Although the Plaintiffs insist that Allstate all along harbored a subjective intent to cancel the retiree life insurance benefit and engaged in fraud to conceal this fact from them, an examination of the evidence reveals that this position is wholly unsupported. Initially, the Plaintiffs fail to explain how Allstate fraudulently harbored and concealed a subjective intent to cancel retiree life insurance benefits, when the Governing Plan Documents unambiguously revealed this possibility. Further, Allstate continued these retiree benefits for decades, providing them to Klaas Plaintiffs in 1994 or 1995, and providing them to the Turner Plaintiffs starting in 1991, when Plaintiff Kerr retired. Subsequently, Allstate added the Turner Plaintiffs to the retiree life insurance roll as they retired: Spiewak in 1994, Nixon in 1994, Willingham in 1996, Vidales in 1999, Cartrette in 1999, Huff in 2000, Drake in 2002, Scholl in 2002, Wofford in 2002, Turner in 2003, Shepard in 2007, and Bentley in 2010. To accept the Plaintiffs' argument, one would have to conclude that at the same time Allstate added retirees to its paid life insurance rolls it also fraudulently planned to terminate the benefit at some undetermined time in the future. Not only does this defy common sense, it is wholly unsupported by the evidence presented to demonstrate fraud or concealment. The Court finds that the fraud or concealment exception to the time limitations in § 1113 does not apply to the Plaintiffs' breach of fiduciary duty claims under the undisputed facts.
Pursuant to § 1113 and the evidence presented, the six-year time limitation expired in June 2012 for the Turner Plaintiffs and in 2001, at the latest, for the Klaas Plaintiffs.

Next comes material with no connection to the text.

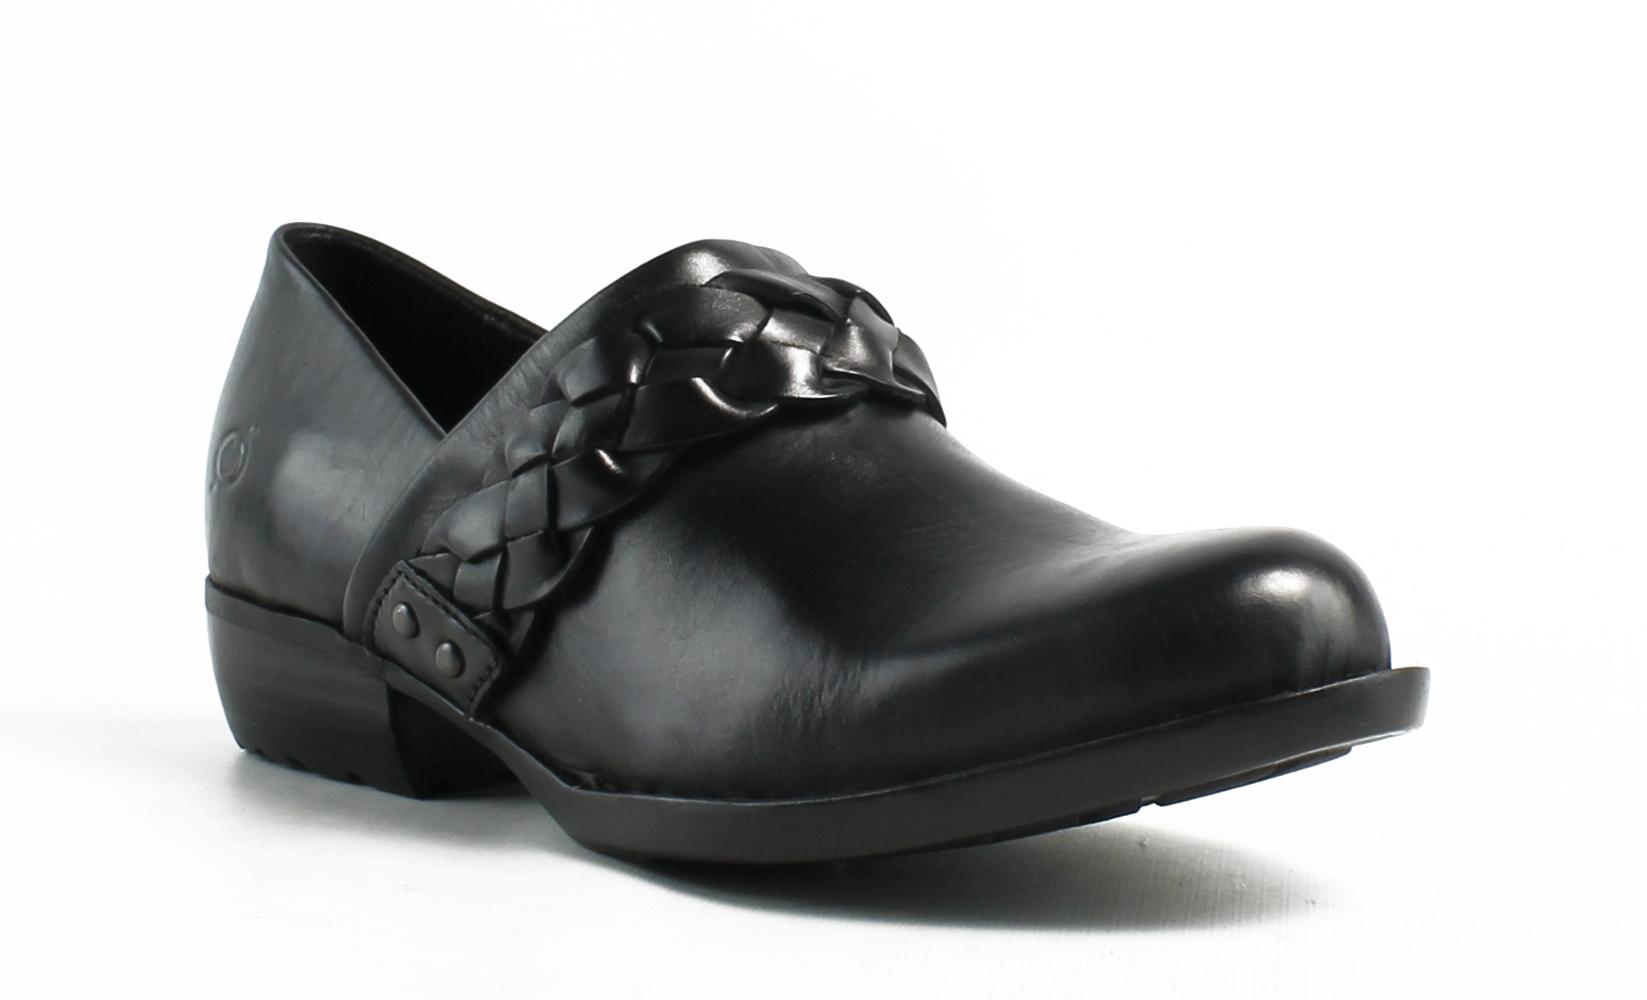 New Born Womens Black Oxfords Size 6.5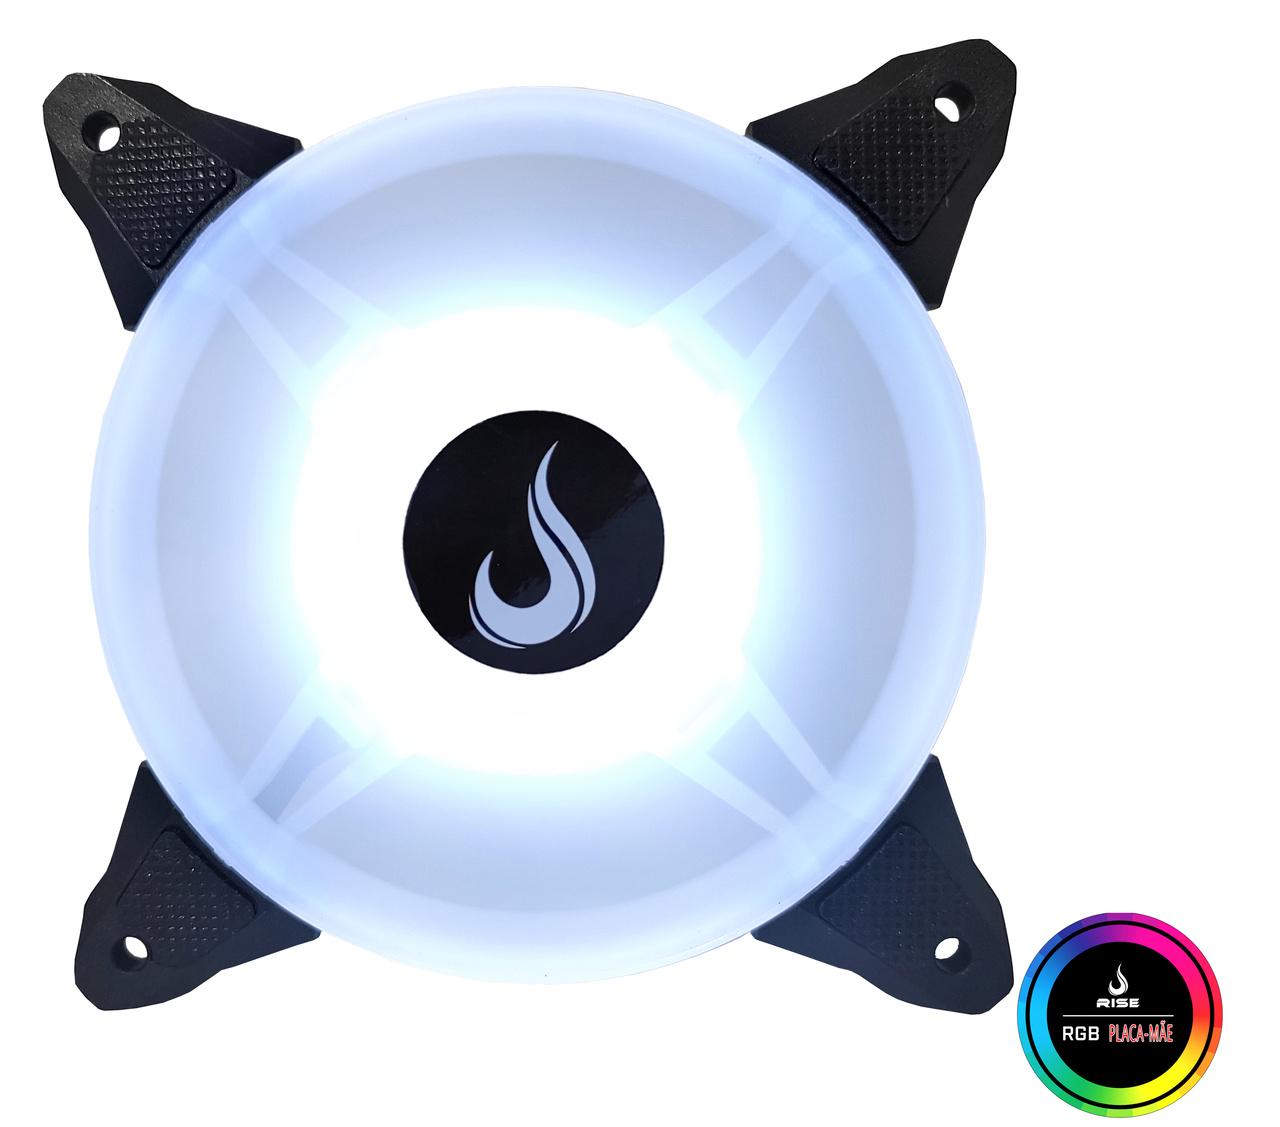 Fan Gamer Rise Mode Aqua Motherboard RGB 5V 120mm  - Loja Rise Mode

The Turner Plaintiffs filed this lawsuit on September 23, 2013, and the Klaas Plaintiffs filed suit on March 11, 2015. Consequently, their § 502(a)(3) breach of fiduciary duty claims are time barred. Accordingly, Allstate's Motion for Summary Judgment as to the Turner and Klaas Plaintiffs' § 502(a)(3) claims is due to be GRANTED.
The Court's grant of summary judgment to Allstate on the claims under § 502(a)(1)(B) and § 502(a)(3) pretermits any discussion or determination of the Plaintiffs' surcharge claim or the claims of the individual Plaintiffs.
V. CONCLUSION
In sum, Allstate is entitled to summary judgment on the Turner and Klaas Plaintiffs' § 502(a)(1)(B) claims because the reservation of rights language in Allstate's Governing Plan Documents is unambiguous; the language permits Allstate to terminate the retiree life insurance benefit, and the Plaintiffs' interest therein was not vested. Allstate is also entitled to summary judgment on the Turner and Klaas Plaintiffs' § 502(a)(3) claims because such claims are untimely pursuant to 29 U.S.C. § 1113.
Accordingly, for the reasons as stated and for good cause, it is
ORDERED that
1. Allstate's motion for summary judgment against the Turner Plaintiffs (doc. 304) is GRANTED; and
2. Allstate's motion for summary judgment against the Klaas Plaintiffs (doc. 305) is GRANTED.
3. All other pending motions (docs. 226, 228, 234, 284, 409, 412, 417, 418, 420, and 430) are DENIED as moot.
4. Costs are taxed against the Plaintiffs for which execution may issue.
A separate final judgment will enter.
DONE this 30th day of September, 2020.